Japan, South Korea cozy up

By jointly honoring an anniversary, the two US allies can now finish making amends and start to work together for their common interests in Asia.

South Korean President Park Geun-hye delivers a speech during a reception to mark the 50th anniversary of the normalisation of Japan-South Korea bilateral relations at a hotel in Seoul, South Korea, June 22. Behind her are the flags of each country.

Warm ties between Asian nations are often hindered by memories of bitter history and none more so than between Japan and South Korea. The two nations today are democracies, trading partners, and allies of the United States that face common adversaries. Yet their leaders rarely meet, mainly as a result of differences over the role of Imperial Japan during its 35-year colonial rule of the Korean Peninsula.

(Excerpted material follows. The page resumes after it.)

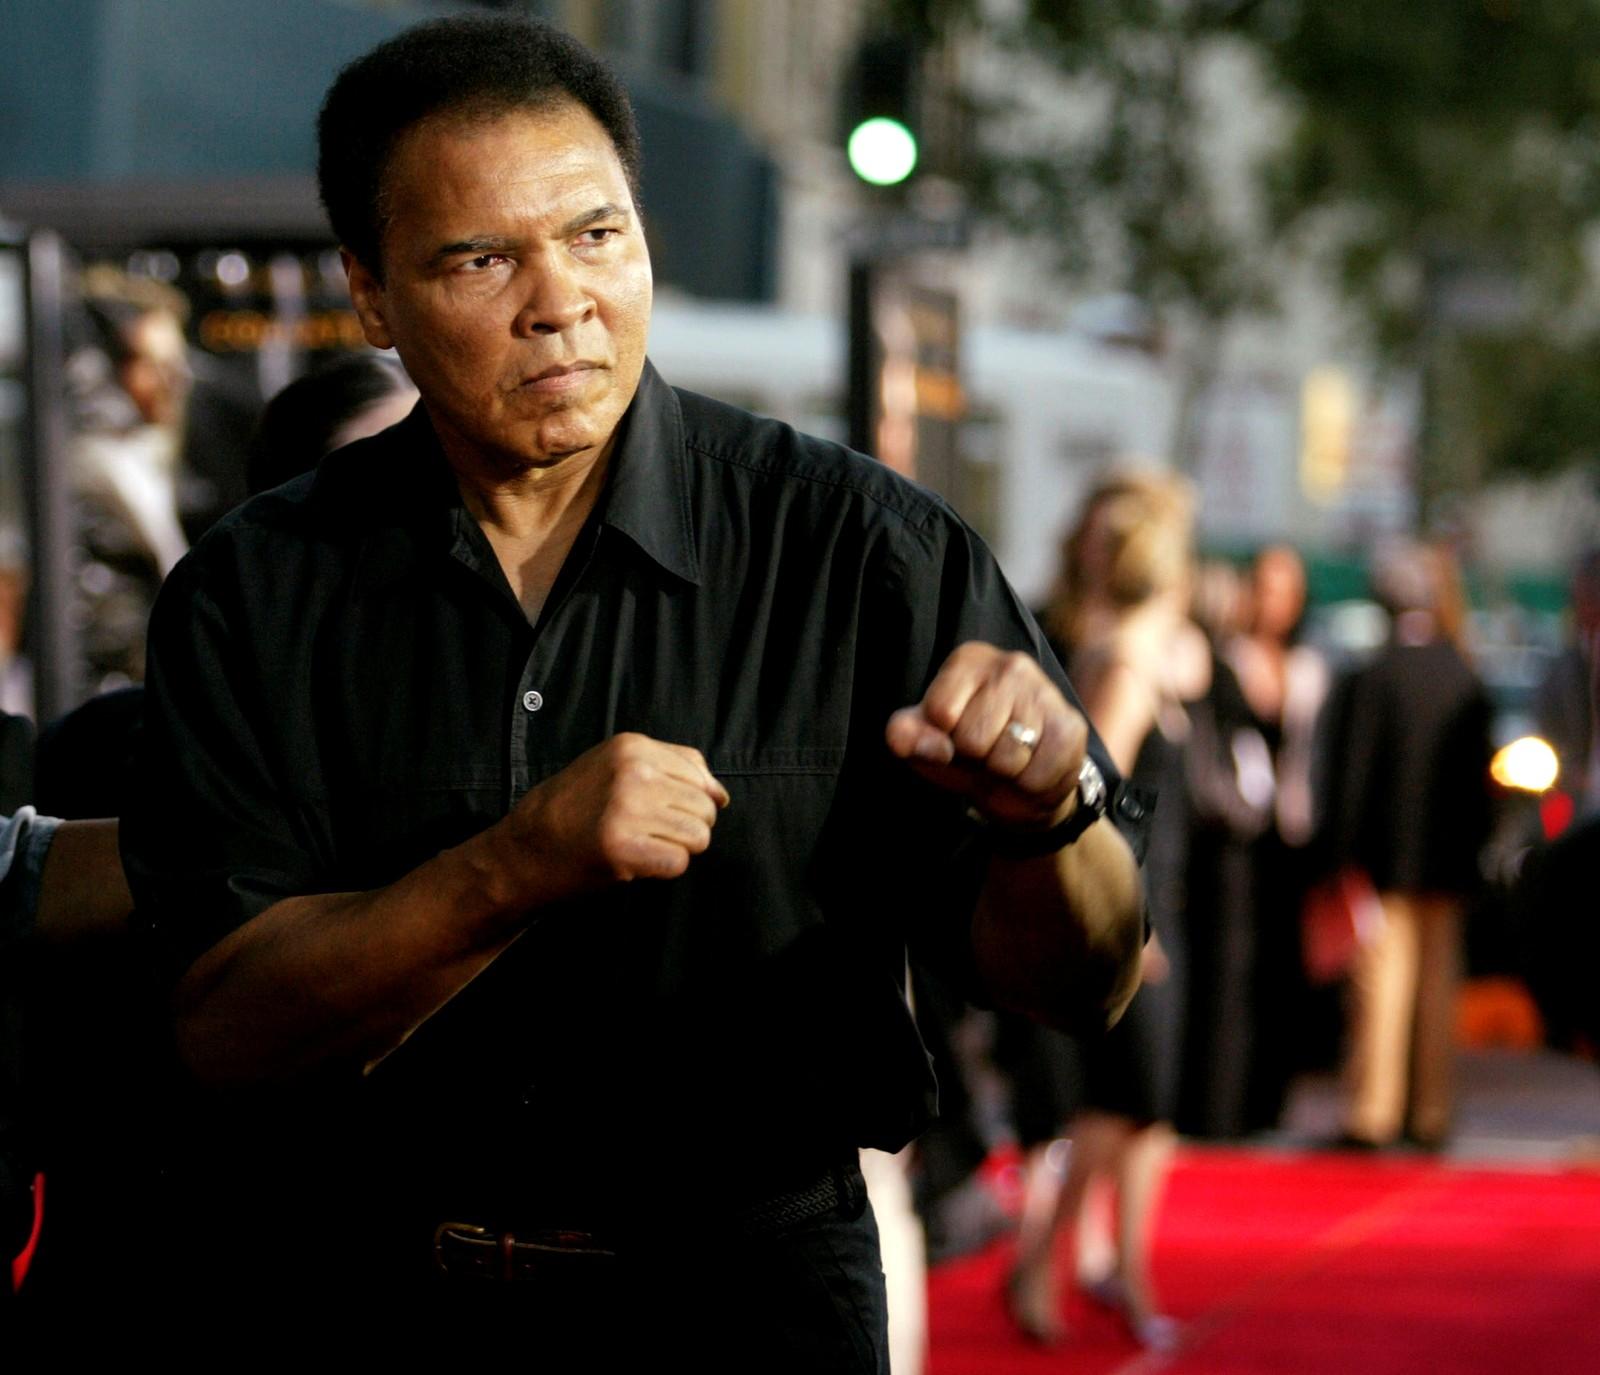 "Boksinelegenden Muhammad Ali bokser mot fotografene under ankomst ved Orpheum Theatre for premiere på filmen ""Collateral"" i Los Angeles i 2. august 2004."

This diplomatic freeze thawed a bit on Monday. The countries’ prime ministers attended separate ceremonies in their respective capitals to mark an important anniversary: the normalization of bilateral relations in 1965, which came two decades after the end of World War II. 

For years after that official recognition, Japan assumed issues of the past had been settled. But when South Korea become democratic in the late 1980s, nationalist sentiments and domestic politics revived old disputes. Japan then issued official apologies in the 1990s. But South Korea has kept demanding more of Japan.

Monday’s joint ceremonies, while only symbolic, hint that Tokyo and Seoul are closer than ever to resolving past grievances, especially a dispute over Japan’s wartime use of thousands of Korean women as sex slaves, or “comfort women.” Much will now depend on a speech expected this August by Japanese Prime Minister Shinzo Abe in marking the 70th anniversary of the end of the war. Can both Mr. Abe and South Korean President Park Geun-hye end the cycle of nationalist impulses in each country? The fact that the two leaders now seek to meet later this year gives some hope.

Healing wounds of the past will require humility on both sides to listen to each other’s concerns and to honor each other’s national identity. More can still be done to help the surviving “comfort women” and the two countries must agree on the history of that abuse. South Korea can also welcome Mr. Abe’s efforts to have Japan take on greater international responsibilities.

Just as important would be a mutual recognition that Asia needs Japan and South Korea to work together. The US, with 80,000 troops in the two countries, cannot remain the main guardian of peace in the region forever. China’s aggression and North Korea’s nuclear weapons require other Asian nations to resolve their disputes. Japan and South Korea, by recalling that day a half-century ago when they rose above their past, may be on the right path.